3.5 Association between the prognostic model and the clinical characteristics of patients
In clarifying the correlation between the seven-gene signature and the clinical characteristics of HCC patients, we found that a high risk score was significantly correlated with TNM stage (p<0.001), grade (p=0.001), and AFP (p=0.014) but was not significantly associated with the sex, age, BMI, or Child-Pugh score of patients with HCC (Table Ⅱ).
In GSE76427, the results showed that the 7-gene signature was not significantly associated with sex, age, BCLC (Barcelona Clinic Liver Cancer) or TNM stage (Table Ⅲ).
3.6 Independent prognostic role of the prognostic gene signature
Moreover, the results of univariate Cox regression showed that the TNM stage (HR=1.680, p<0.001) and our prognostic model (HR=3.607, p<0.001) were both independent factors for recurrence-free survival among the 334 TCGA-LIHC patients. However, among the 108 patients in the GSE76427 cohort, TNM stage was not an independent prognostic factor for recurrence-free survival(18). The prognostic model (HR=2.407, p=0.014) was also an independent factor for recurrence-free survival. (Figure 4).
3.7 Comparison with the TNM stage model and BCLC model
To compare the accuracy of the prognostic model and the TNM model, we calculated the AUC for 12-month, 15-month, and 18-month recurrence-free survival. In the TCGA-LIHC dataset, the prognostic model’s AUCs for 12-month, 15-month, and 18-month RFS were 0.7768, 0.7934, and 0.7529; the TNM model’s AUCs for 12-month, 15-month, and 18-month RFS were 0.6884, 0.7026, and 0.6721, respectively (Figure 5). In the GSE76427 dataset, the prognostic model’s AUCs for 12-month, 15-month, and 18-month RFS were 0.6159, 0.6118, and 0.6217; the TNM model’s AUCs for 12-month, 15-month, and 18-month RFS were 0.6122, 0.6009, and 0.5762, respectively. In addition, the BCLC model’s AUCs for 12-month, 15-month, and 18-month RFS were 0.5669, 0.5627, and 0.5684, respectively (Table Ⅳ). Overall, our prognostic model showed benefit for predicting recurrence-free survival, which might help doctors with targeted treatment (Figure 6).

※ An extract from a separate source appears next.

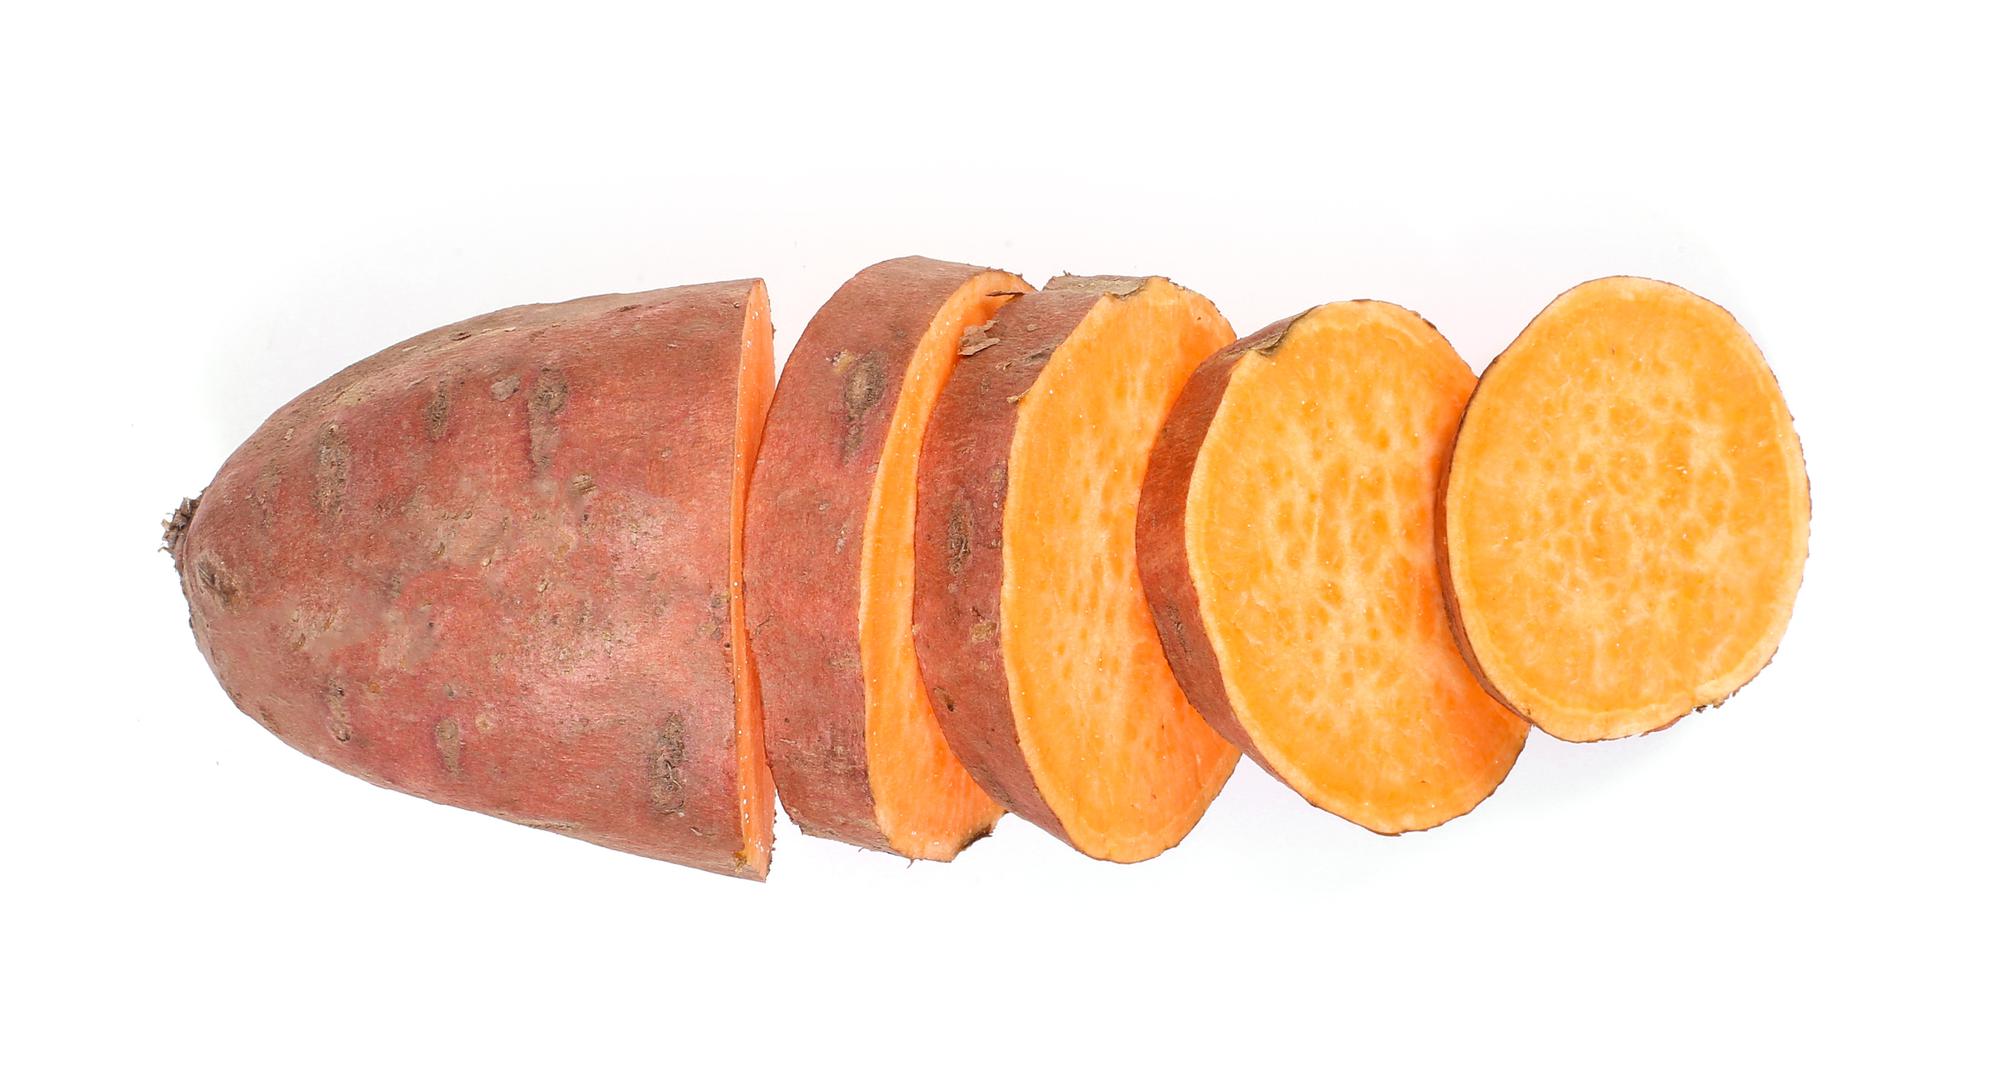 Batat i krumpir držite odvojeno, najbolje u papirnatoj vrećici i ne u hladnjaku. 

3.8 Development of the calibration curve
We calculated the C-index and drew the calibration curves for the 12-, 15- and 18-month survival predictions to evaluate the calibration in the TCGA-LIHC dataset and the GSE76427 dataset. The C-index in the TCGA-LIHC dataset is 0.717 and in the GSE76427 dataset is 0.647, as shown in Figures 7 and 8.
3.9 External validation in an online database
The representative protein expression of SLCO2A1, PPAT, GAS2L3, CD3EAP, ACAT1 were explored in the Human Protein Profiles. Then we explored the TTK, C16orf54, PPAT, CD3EAP, SLCO2A1, ACAT1, and GAS2L3 genes in the CBioPortal for cancer genomics. TTK exhibited the most frequent genetic alterations (3%), of which deep deletion was the most frequent alteration. The second most altered gene was CD3EAP (1.3%), and the most frequent alterations were amplification mutations (Figure 9). The expression of the seven genes in different cancers were shown in Figure 10. In summary, the aberrant expression of these seven genes may explain some of the abnormal expression of these genes.